Turchia - Grupo D
🇹🇷 Turchia, la porta stretta e il colpo finale verso il Mondiale 🌍🔥
Un cammino con gol, scosse improvvise e un playoff risolto con freddezza ha rimesso la Turchia dentro il grande racconto mondiale.
Introduzione
La Turchia non ha preso la via larga. Ha scelto, o forse si è ritrovata costretta a scegliere, quella più nervosa: strappi, partite accese, una caduta durissima e poi la ricostruzione. È una qualificazione che non si lascia raccontare con una sola immagine, perché dentro ci sono il rumore di una goleada subita, la prontezza di reagire in trasferta e la capacità di reggere quando il margine si assottiglia. Più che una marcia lineare, è stata una corsa a onde.

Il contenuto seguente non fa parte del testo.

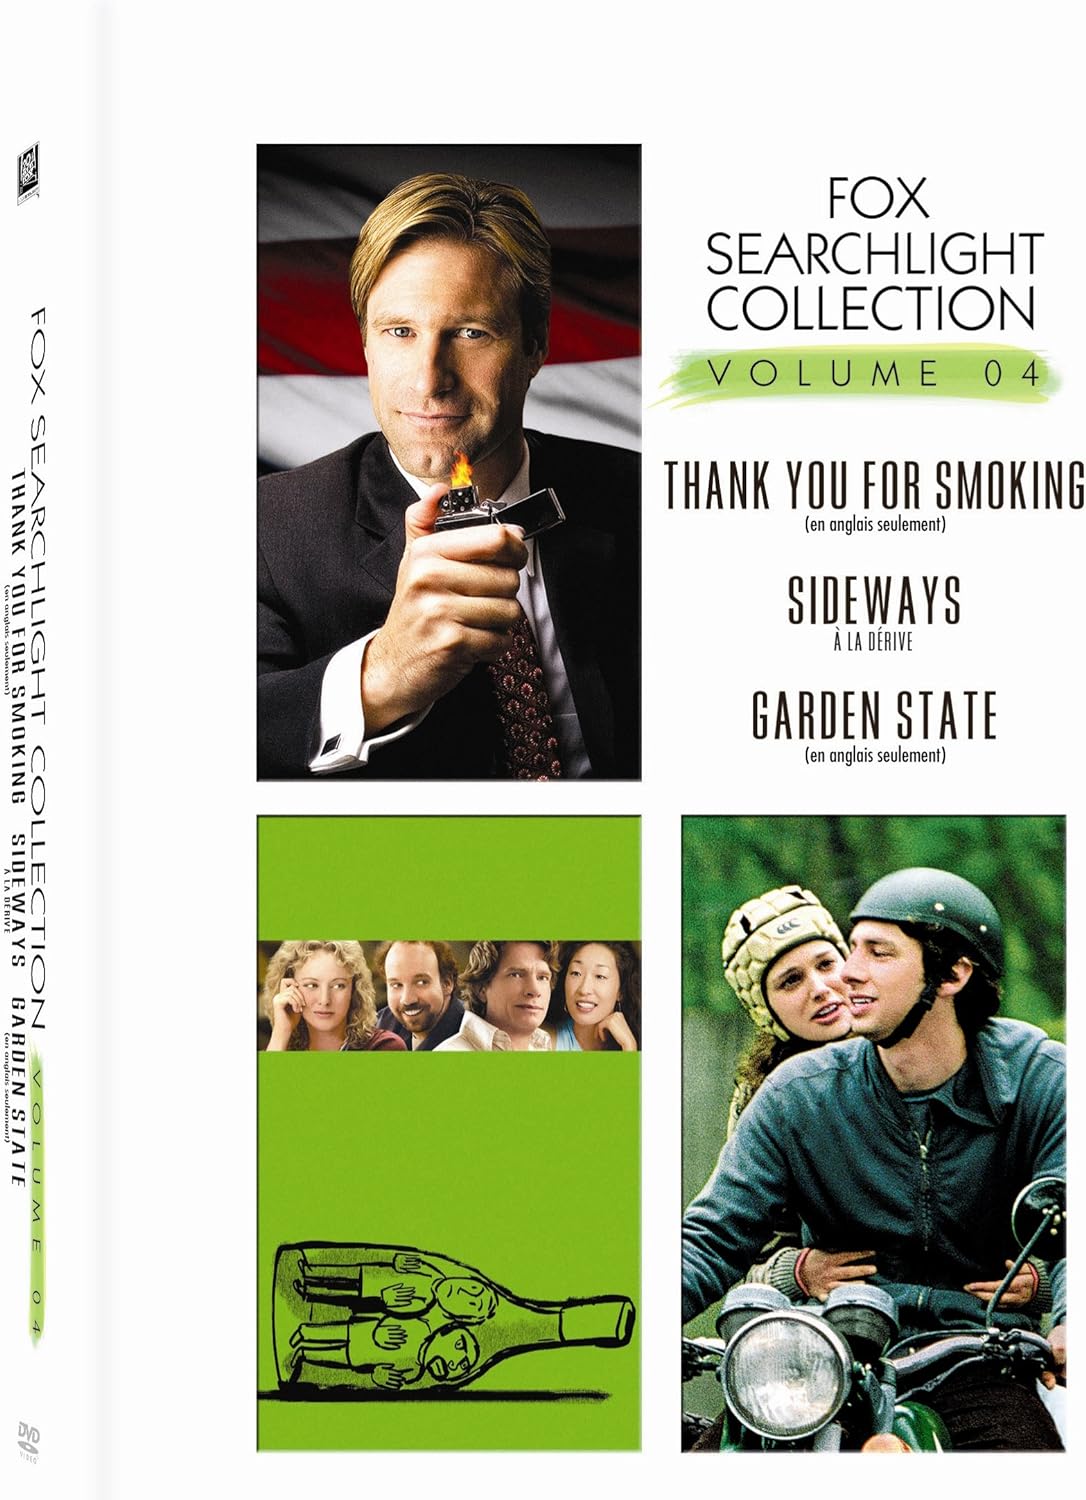 Fox Searchlight Collection: Volume 4 (Thank You For Smoking/Sideways/Garden State) [DVD, Bilingual]

C’è anche un elemento di carattere che attraversa tutto il tragitto. La Turchia ha spesso dato l’impressione di sapersi rialzare in fretta: quando la partita si è aperta, ha colpito; quando il percorso si è complicato, ha trovato un’altra porta; quando il primo posto è scappato via, non ha lasciato scappare il Mondiale. È una differenza importante. Non racconta una squadra perfetta, ma una squadra viva.
I numeri aiutano a mettere ordine nel racconto. Nel gruppo E di qualificazione UEFA la Turchia ha chiuso al secondo posto con 13 punti in 6 partite, frutto di 4 vittorie, 1 pareggio e 1 sconfitta. Ha segnato 17 gol e ne ha concessi 12, con una differenza reti di +5. C’è quindi una doppia lettura: attacco brillante, a tratti travolgente; fase difensiva meno pulita, più esposta di quanto suggerisca il piazzamento finale.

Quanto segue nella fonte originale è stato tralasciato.